Por su parte, Franco Ferrarotti (2015) rescata
a partir de los años sesenta esa memoria perdida de la escuela de Chicago, conforme
a su propia confesión: “yo soy heredero de la escuela de Chicago”. Por
consiguiente, en su horizonte de trabajo parte de la premisa de que la
biografía y los relatos biográficos son una fabricación en el sentido de poiesis,
de re-creación, y no pueden ser abstraídos de la interacción social, de modo
tal que pueda “leerse una sociedad a través de una biografía”. En este orden
de ideas, “la lectura sociológica de una biografía camina a través de la
hermenéutica de la acción social que reinventa la biografía al narrarla en
el marco de una interacción que el observador no debe eludir, sino vivir de
modo activo hasta el fin” (Dosse, 2007, p. 243). Desde este enfoque, la mirada
cobra primacía en la medida de centrar la atención a sus mensajes, a lo que
pueda revelar en la superficie sobre las vidas humanas, razón por la cual no
es de extrañar que los métodos de investigación adecuados a este propósito
recurren tanto al trabajo de escritura como a la fotografía. La larga
experiencia en el trabajo de campo de Ferrarotti lo representa siempre portando
en su mano una cámara fotográfica, una imagen puesta en evidencia durante el
homenaje celebrado en Río de Janeiro, en noviembre 2014, con una exposición
sobre sus fotografías del trabajo de campo en los barrios obreros de Roma, haciendo
visible el enunciado que caracteriza su propia obra:
La fotografía no es necesariamente la
reproducción mecánica de una actitud humana. Se precisa leer una foto como se
lee un ensayo de Montaigne. La foto puede hacer comprender que la mirada es un
mensaje [...] Es en la mirada donde tiene lugar el primer encuentro, la
participación de lo humano con lo humano (Ferrarotti, 2015, p. 5, traducción
propia).
Los trabajos históricos, más que los de
otras ciencias sociales, se caracterizaban hasta hace poco tiempo por el uso
insuficiente o aun la falta absoluta de documentos personales y materiales
propios de la historia oral, lo cual sugiere una presunción de desconfianza
respecto a la validez científica de dichas fuentes. No obsstante, en tiempos
recientes es notoria la reivindicación de la historia oral por parte de los
historiadores, adquiriendo una fisonomía más nítida a partir de los años
setenta del siglo pasado, pues hasta entonces la historia positivista dominante
desde el siglo XIX hasta bien entrado el siglo XX, ni la historia
estructuralista ni la escuela de los Annales ni la historia marxista,
daban legitimación a la voz en la historia.

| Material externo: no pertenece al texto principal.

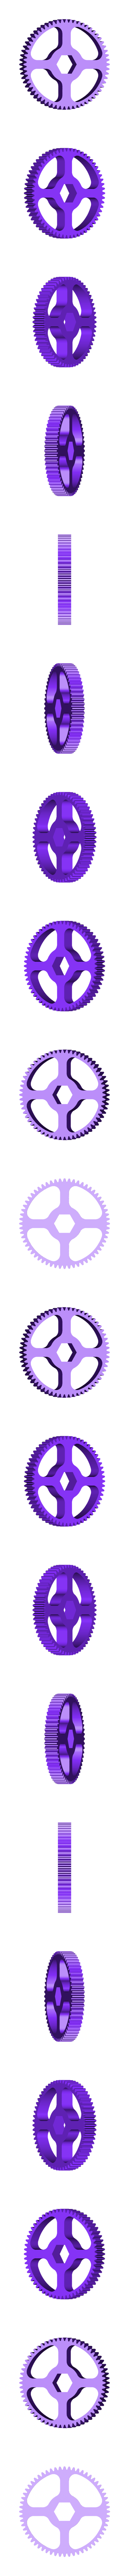 Gear_Wheel_Base_60_Teeth.stl Download free STL file Hummingbird • 3D printing model, gzumwalt

El recelo secular en la palabra del testigo
directo, reflejado en el hecho de otorgar prioridad al documento escrito
convertido en material de archivo, por cierto, va a contramano de las raíces
etimológicas de la palabra historia. La tensión ínsita en esta relación de
pareja señala que el testigo siempre ha sido un acompañante incómodo para el
historiador, en una relación de tan cerca y tan lejos a través de las
sucesivas épocas de la historia escrita de Occidente. En Grecia antigua se concebía
la unión entre ver y saber, al punto de tomar como evidencia del saber el ver
antes que el oír; los oídos son menos creíbles que los ojos, dice un
personaje de Herodoto. En las lenguas indoeuropeas se cuenta con una raíz
común para ver y saber: wid, de donde se desprende la raíz histor:
testigo en tanto que sabe, pero sobre todo en tanto que ha visto. Sin embargo,
bajo el dominio del cristianismo que se extiende a lo largo de la edad media,
el testigo es entendido como el garante (auctor en latín) que dispone
de su autoridad refrendada en la regla de la autentificación. Todavía en el
siglo XIX, la historia en cuanto ciencia de la transmisión escrita se presenta
como guardiana de la autenticidad del documento erigido en monumento (dicho sea
en términos del célebre apotegma de Foucault). Hartog caracteriza la mirada
positivista del historiador como aquella reducida a la función especializada de
un ojo lector de los archivos: “los testigos son despedidos; el auctor se
ha ido, pero el compilator también será recusado: los acontecimientos
hablan; el historiador, tal como es instado por Bouvard y Pécuchet, debe
(idealmente) no ser más que un scriptor, podríamos decir un copista”
(2001, p. 23).
La historia estructural que emerge a
contracorriente del historicismo de hecho procede a ampliar la distancia con el
testigo, mediante el doble recurso de remplazar el testimonio de los testigos
en cuanto una fuente segura, por la serie de datos que dicen lo que no podrían
haber dicho en estado bruto, y el registro de la observación inmediata del
acontecimiento por el de larga duración. Un paso más adelante, y hemos sido
llevados de esta historia anónima (historia seriada, historia de estructuras)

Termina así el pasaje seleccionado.